The short answer: it depends on the type of trust.

  • Revocable living trust: Generally yes, with no immediate tax consequences
  • Irrevocable trust: Possible, but may trigger a taxable event
  • Qualified trust (IRA/401k): No. Qualified annuities must be owned by an individual, not a trust

The critical IRS rule is IRC Section 72(u), which states that if a non-natural person (such as a trust or corporation) owns an annuity, the contract loses its tax-deferred status. There is an important exception: if the trust is acting as an agent for a natural person, tax deferral is preserved.

Revocable Living Trusts

A revocable living trust is the most common estate planning trust. You create it, control it, and can change or dissolve it at any time during your lifetime. For tax purposes, a revocable trust is treated as an extension of you (the grantor).

Can You Own an Annuity in a Revocable Trust?

Yes. Because the IRS treats a revocable trust as a “see-through” entity to the individual grantor, the annuity maintains its tax-deferred status.

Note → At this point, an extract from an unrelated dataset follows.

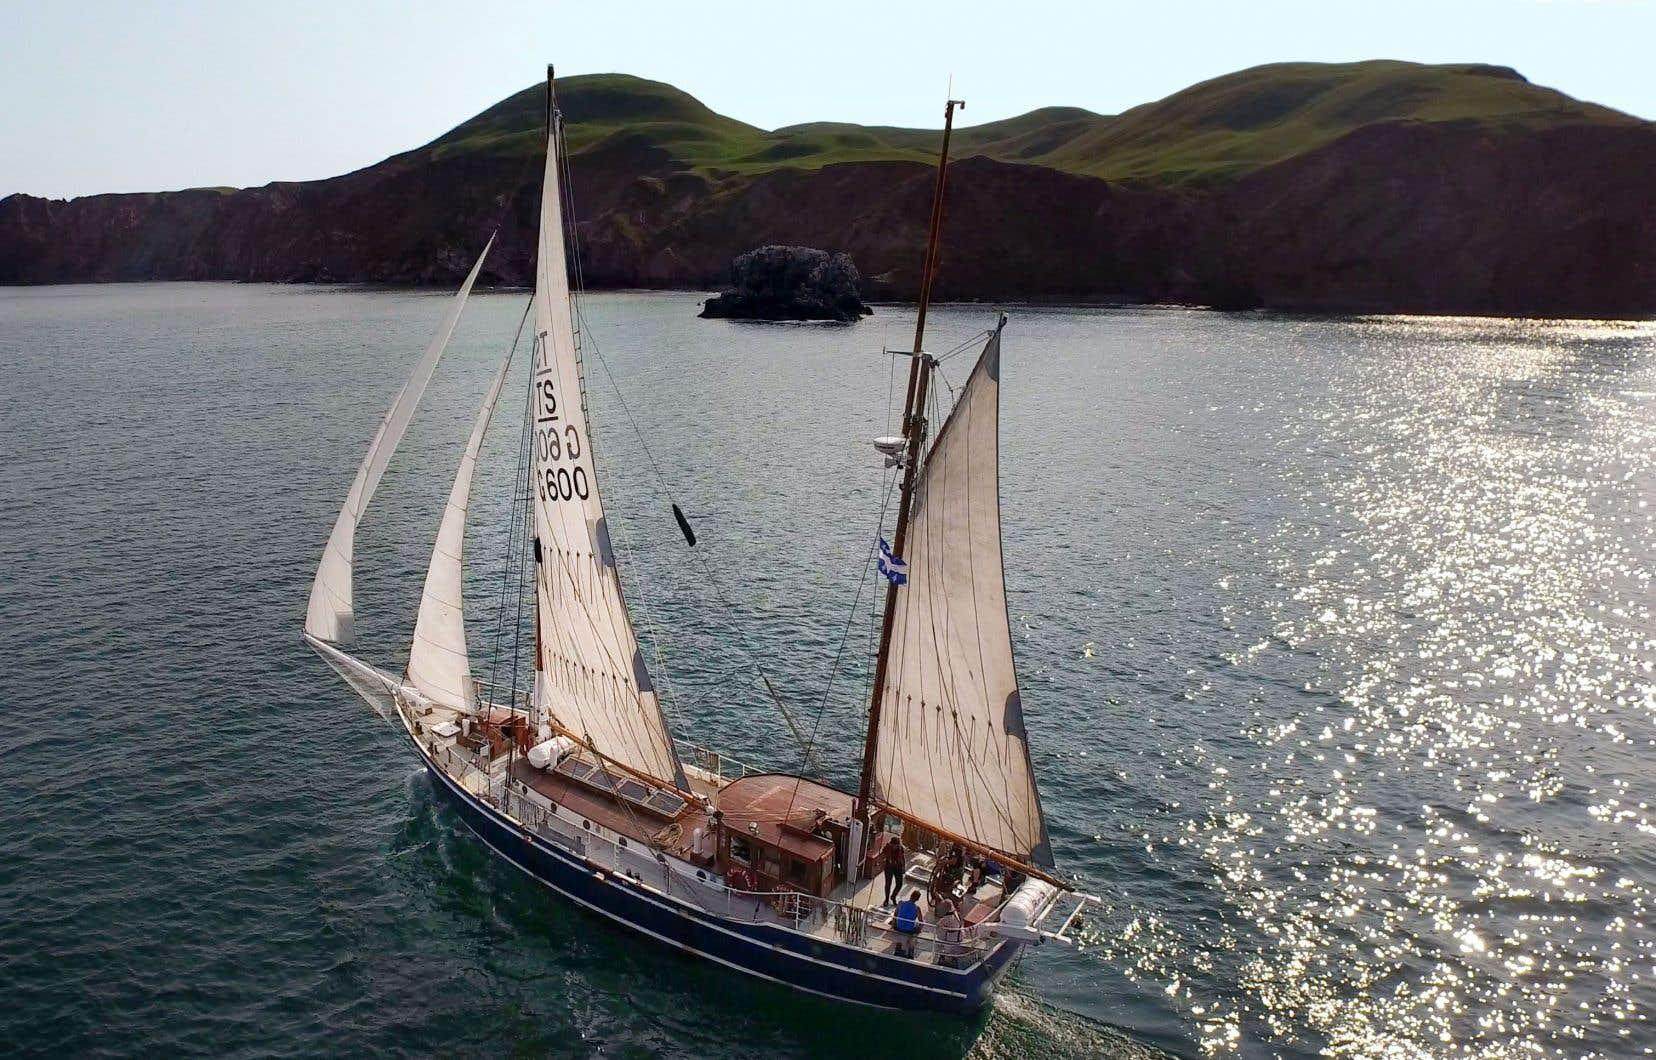 Le voilier ÉcoMaris, qui devrait emmener les passagers de la Basse-Côte-Nord jusqu'à Terre-Neuve et en Nouvelle-Écosse.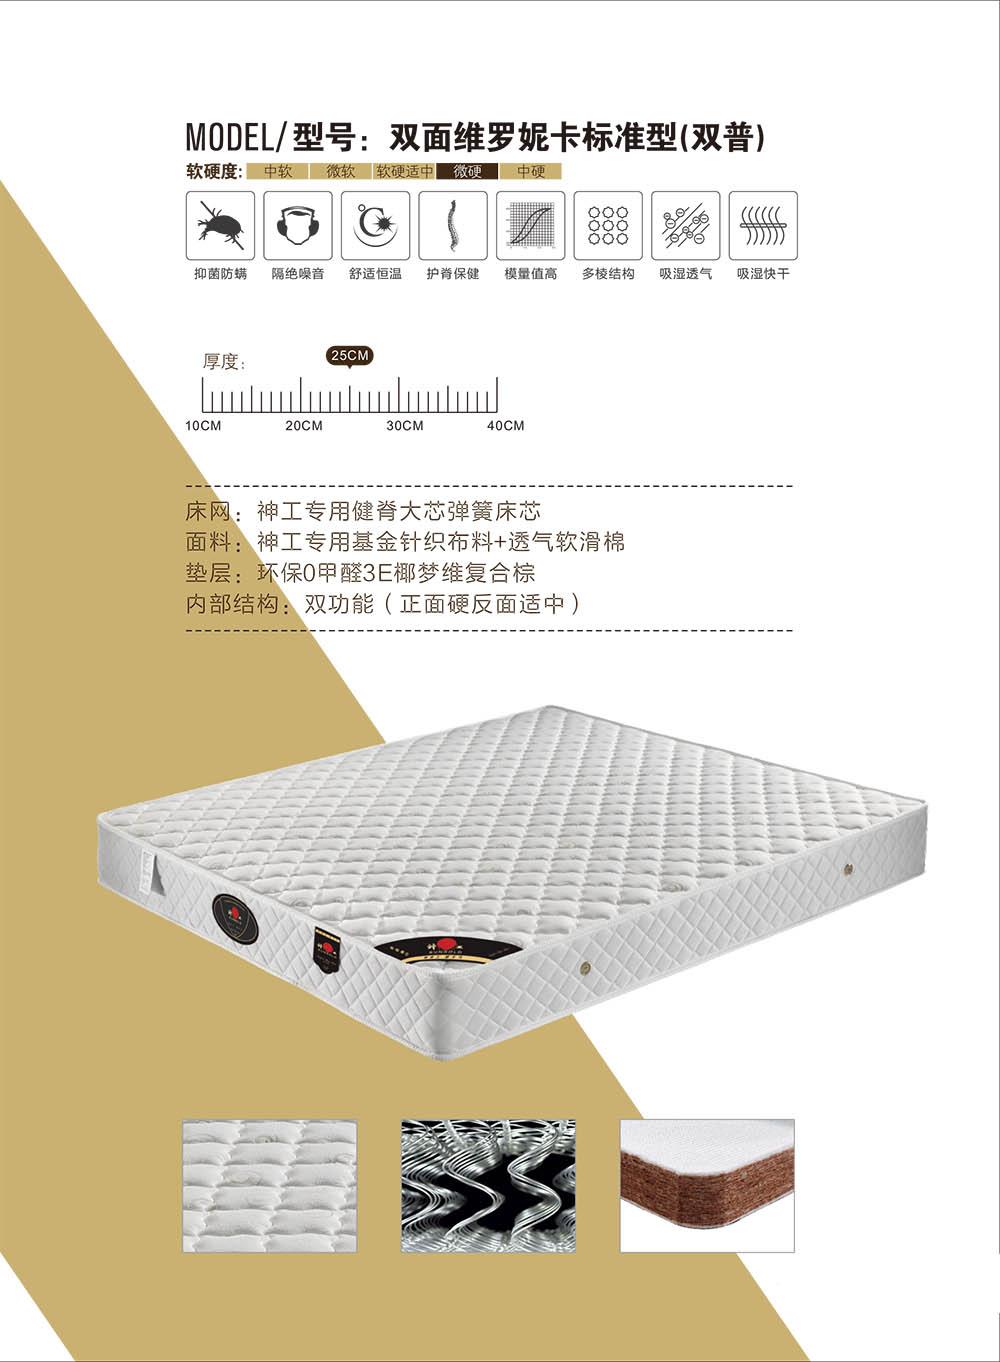 昆明神工双面维罗妮卡标准型床垫

The trust is considered an agent of a natural person.

Most insurance companies will allow you to:

  • Name the trust as the owner of the annuity contract
  • Name yourself (the grantor) as the annuitant
  • Name the trust as the beneficiary (though naming individuals directly is often more tax-efficient)

Why Transfer an Annuity to a Revocable Trust?

  • Avoid probate: Assets in a revocable trust pass to beneficiaries without going through probate court
  • Privacy: Probate records are public; trust distributions are private
  • Incapacity planning: If you become incapacitated, your successor trustee can manage the annuity on your behalf

Irrevocable Trusts

An irrevocable trust cannot be changed or dissolved once created (with limited exceptions). It is a separate legal entity from you, which creates tax complications for annuity ownership.

The IRC Section 72(u) Problem

When an irrevocable trust owns an annuity, the trust is a non-natural person. Under Section 72(u), the annuity loses tax-deferred treatment. All gains inside the contract become taxable each year as they accrue, eliminating the primary tax advantage of the annuity.

There are exceptions:

  • Grantor irrevocable trusts: If the trust is structured so the grantor is still treated as the owner for income tax purposes (a “defective grantor trust”), the annuity may retain tax deferral because the IRS looks through the trust to the natural person.
  • Annuities purchased by the trust (not transferred in) may have different treatment under some interpretations, but this is a gray area. Consult a tax attorney.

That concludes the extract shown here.